── Data below

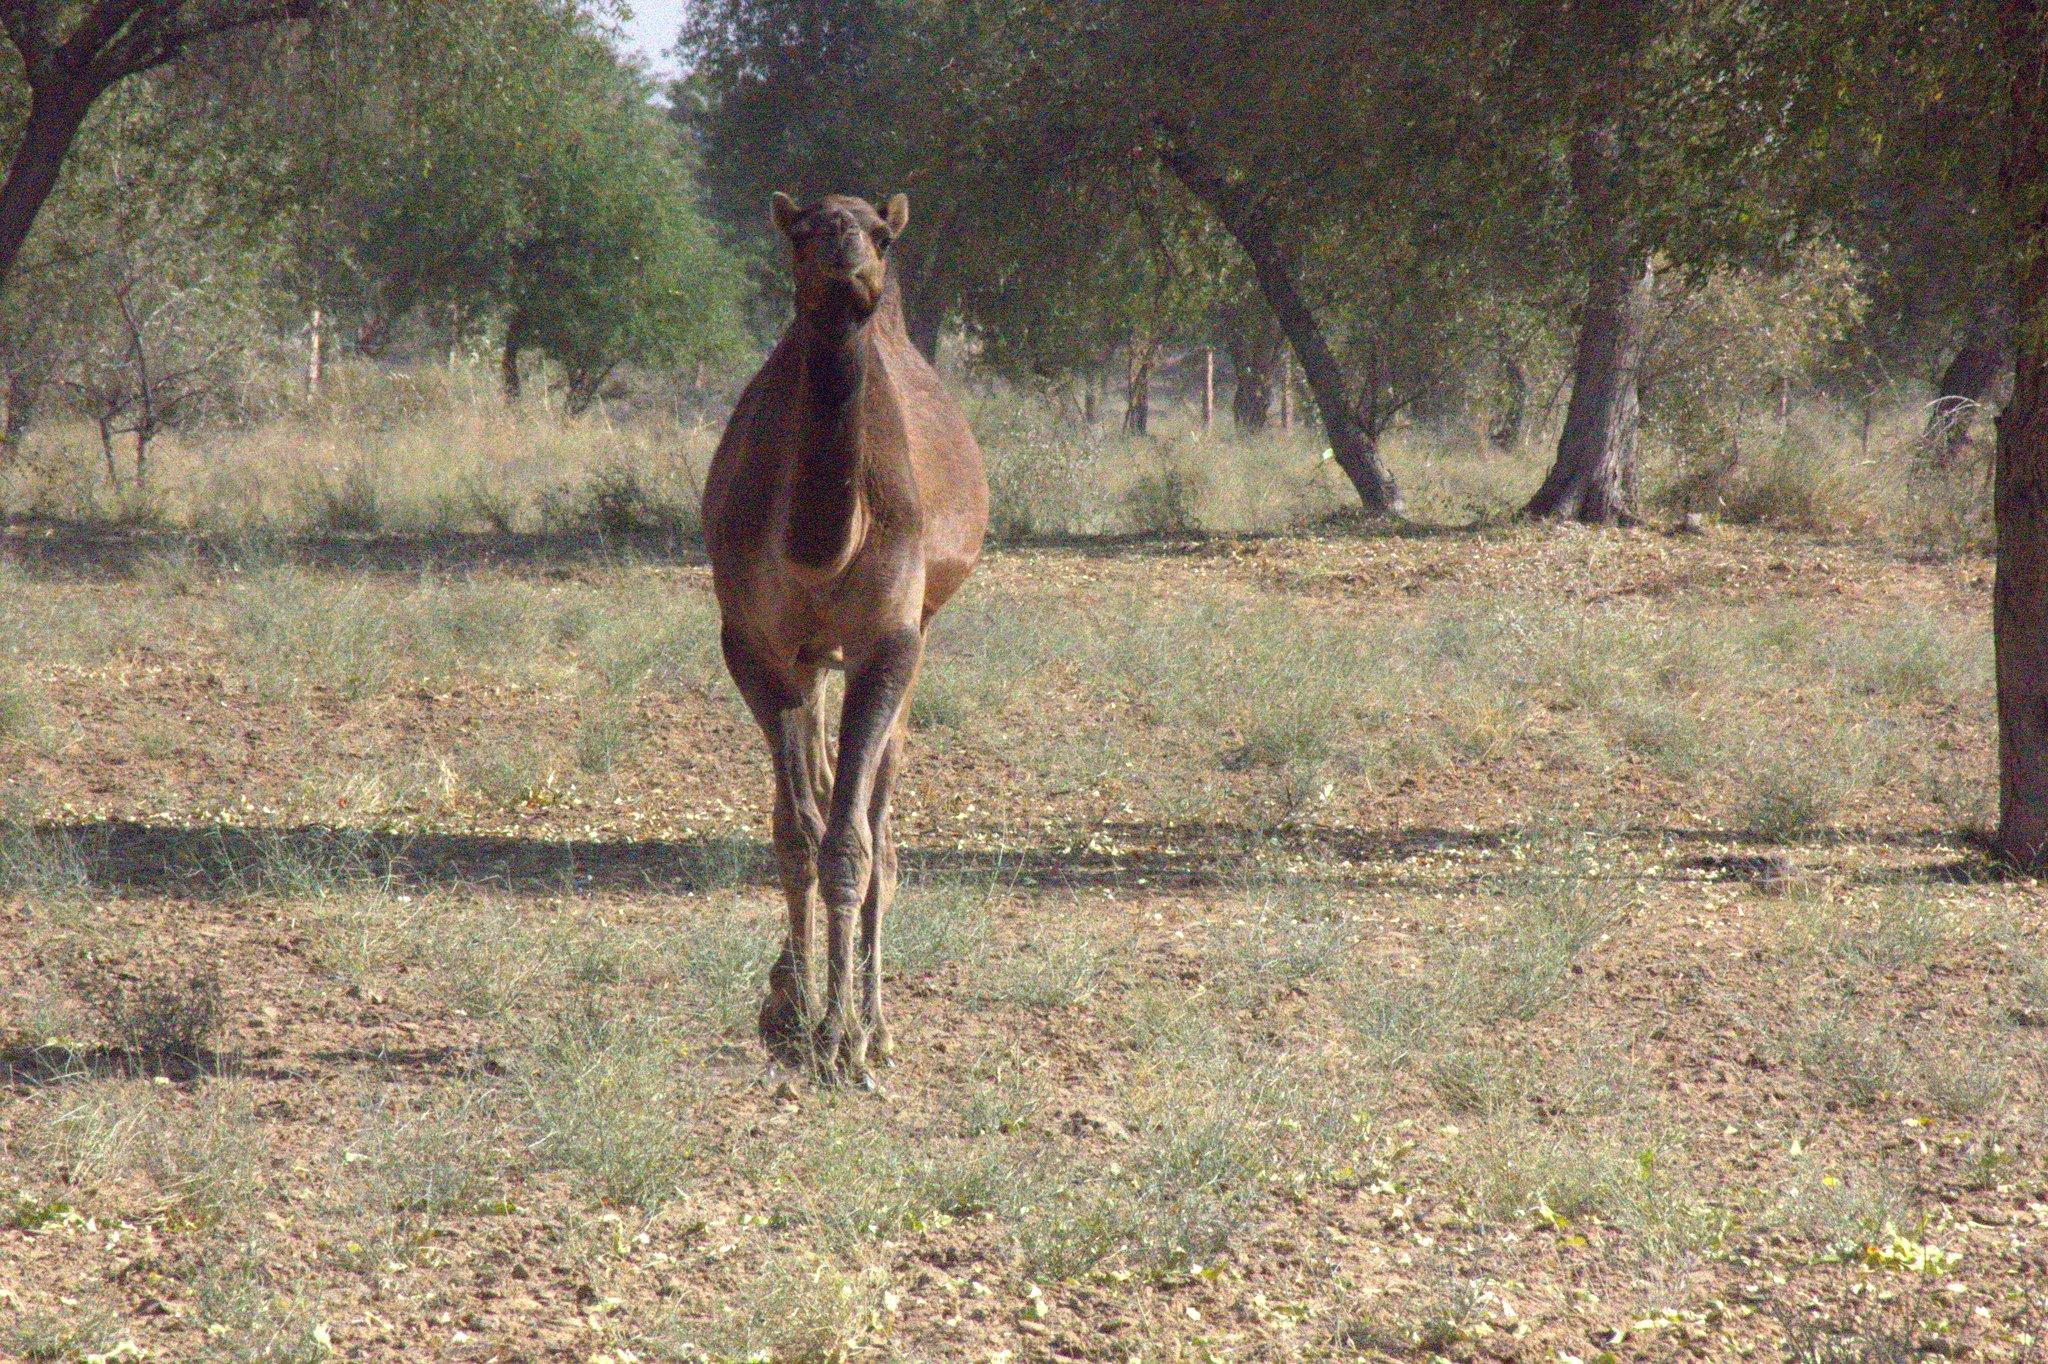 Camel at Salawas village
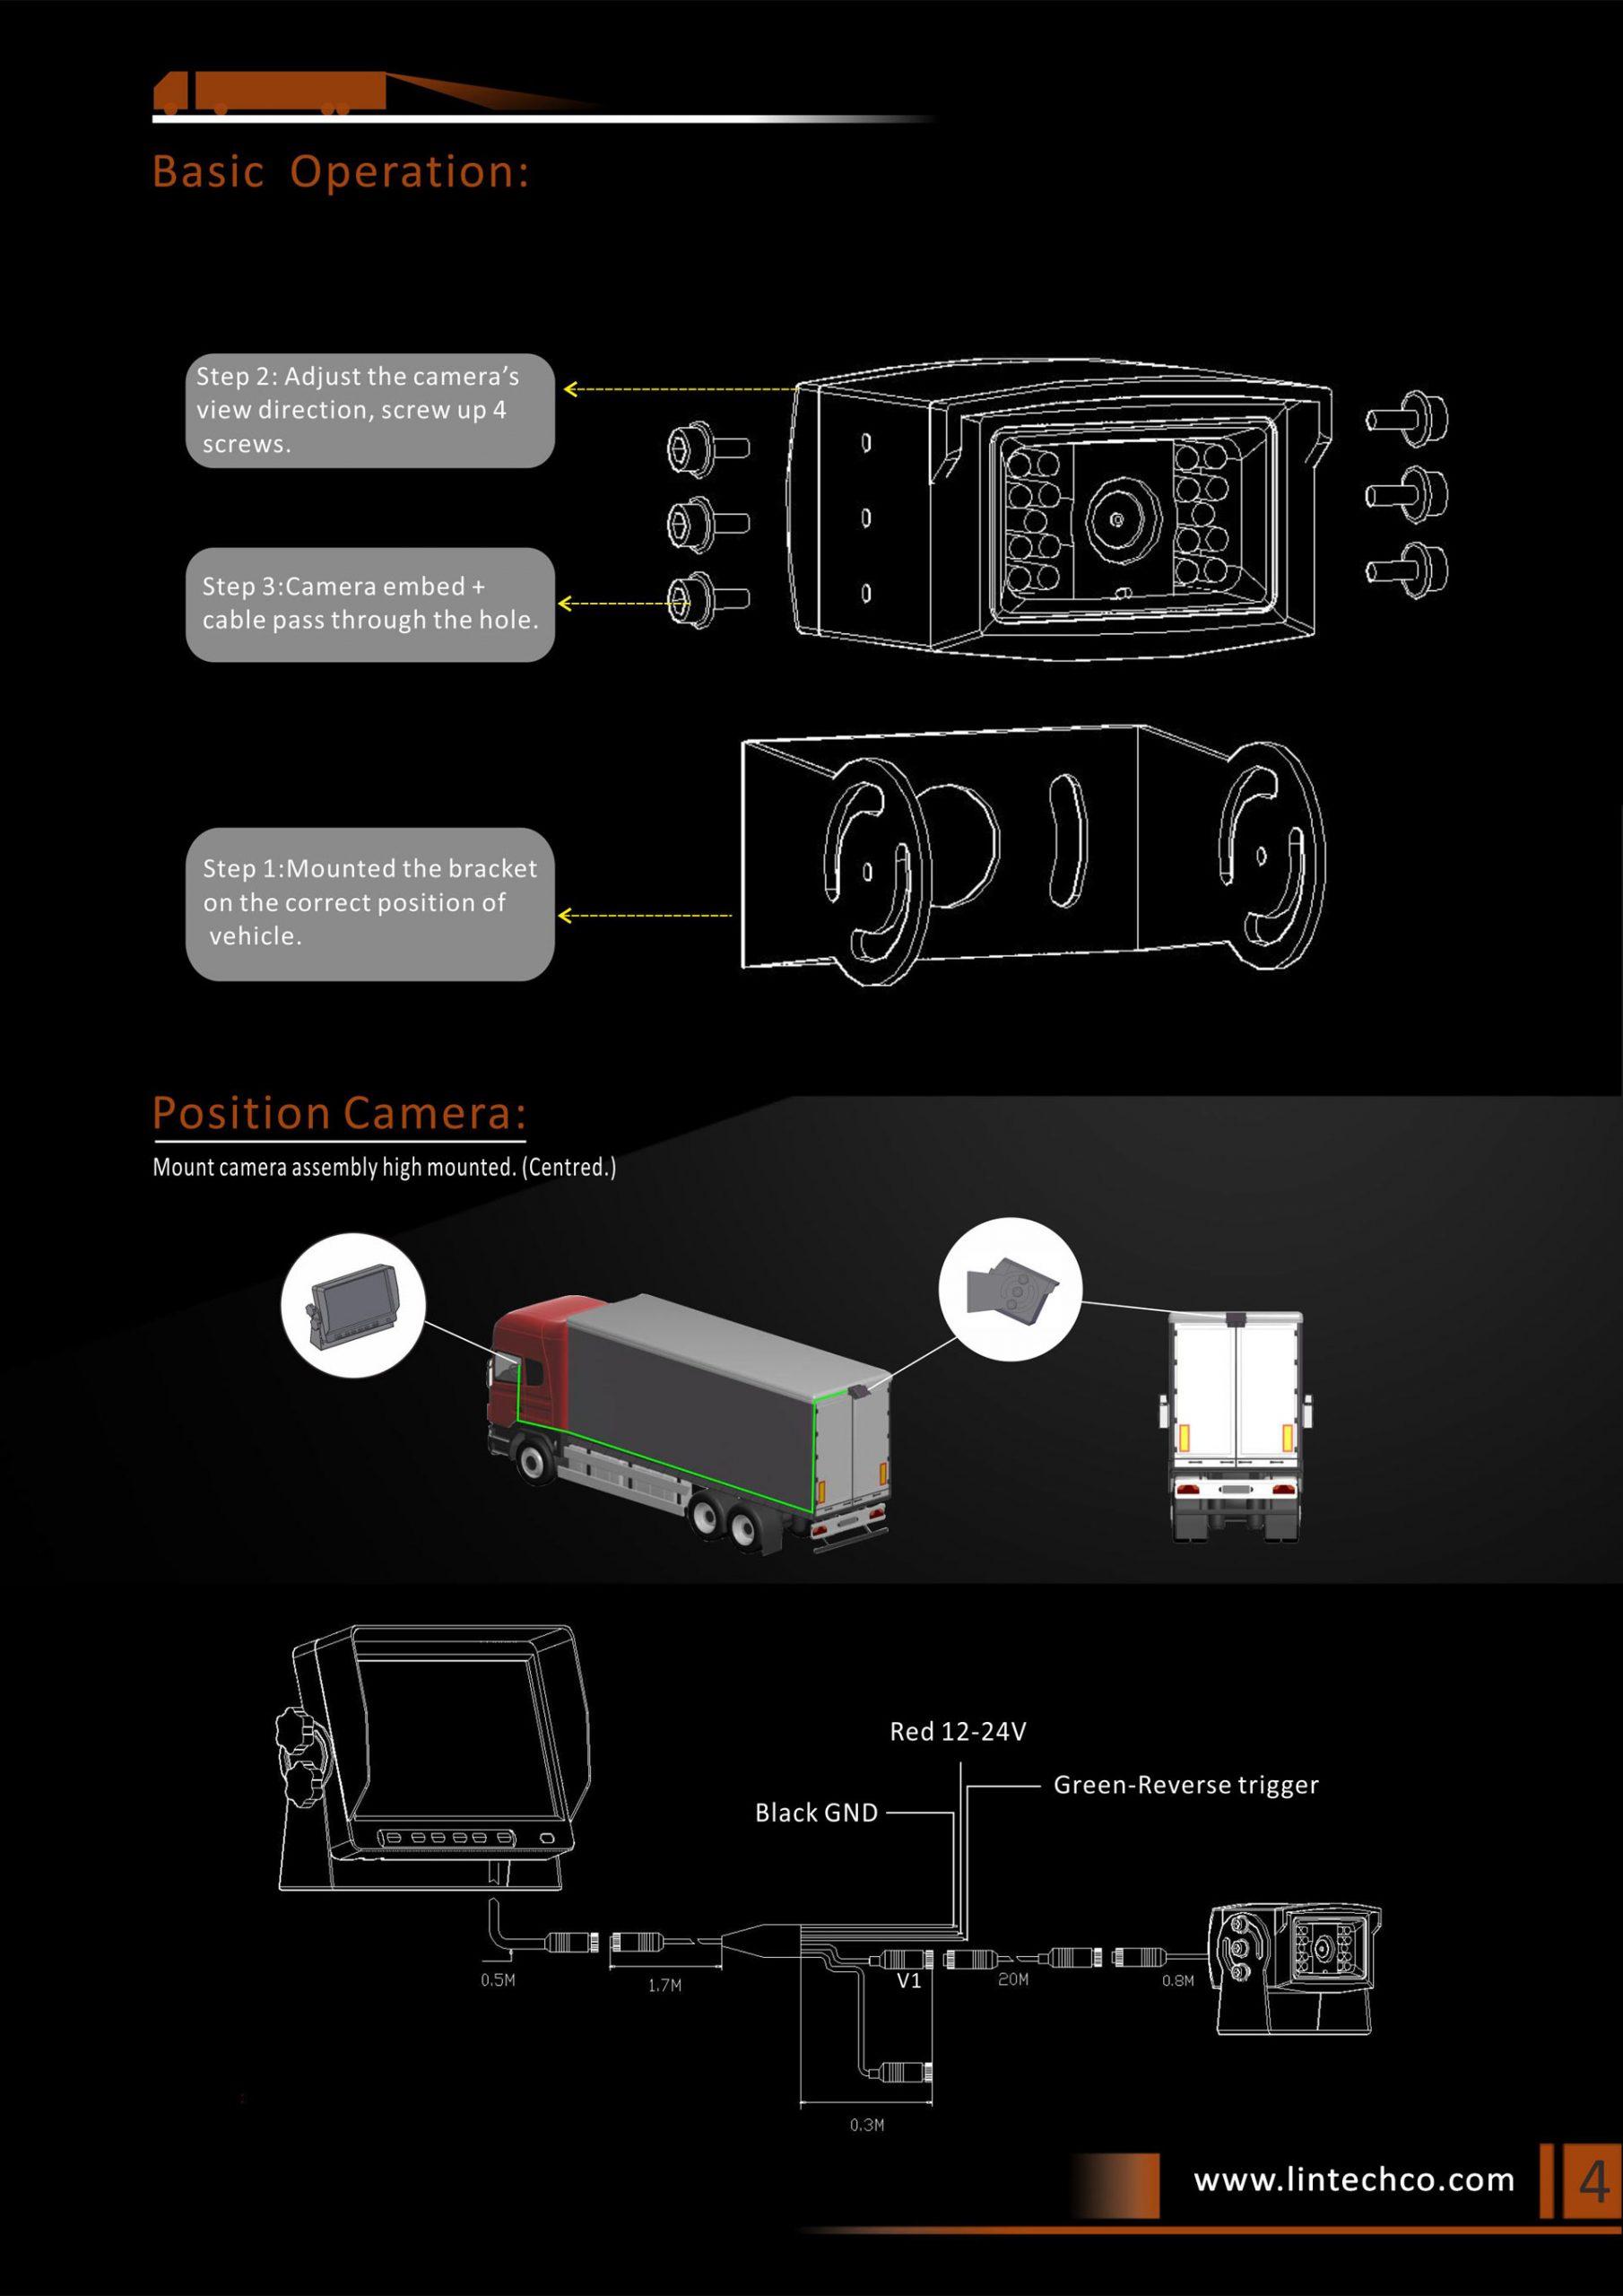 4.18pcs-IR-LED-Night-Vision-Waterproof-Rear-View-Camera
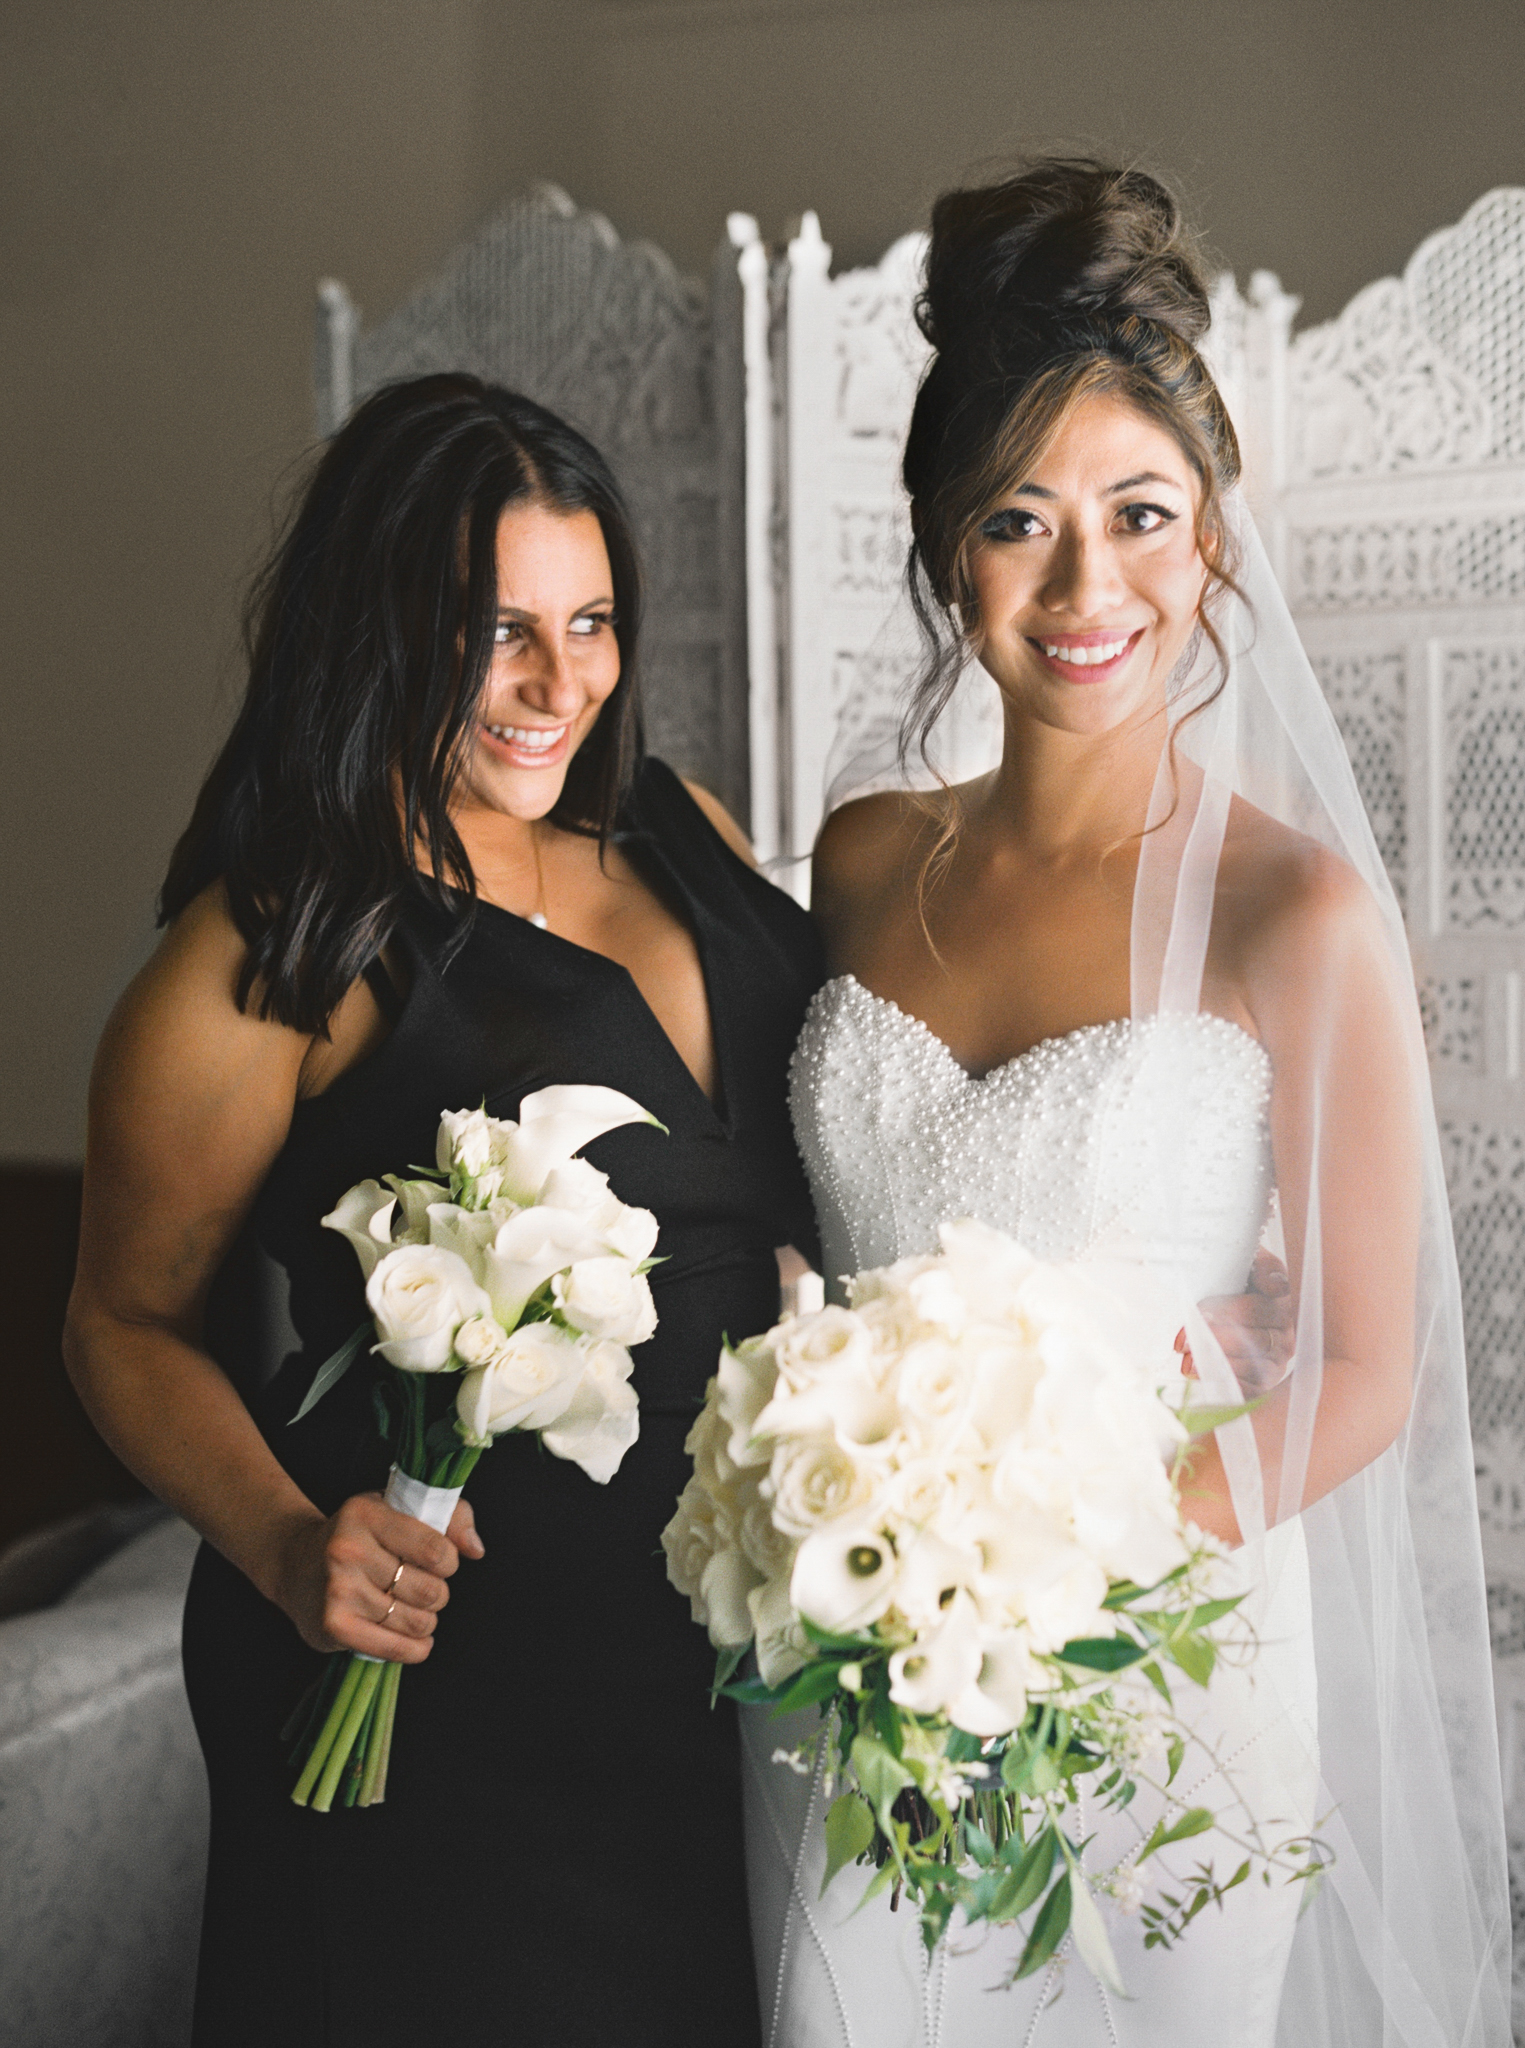 034OutliveCreative_Travel_Photographer_Videographer_Lewis&Clark_Oregon_Elegant_BlackTie_Destination_Wedding.jpg

────

Return, exactly and without extra lines, everything from the line with "4.18pcs-IR-LED-Night-Vision-Waterproof-Rear-View-Camera" through the last line of the material above, both included. Pictures must be dropped.

*Worked solution*.
 4.18pcs-IR-LED-Night-Vision-Waterproof-Rear-View-Camera
 034OutliveCreative_Travel_Photographer_Videographer_Lewis&Clark_Oregon_Elegant_BlackTie_Destination_Wedding.jpg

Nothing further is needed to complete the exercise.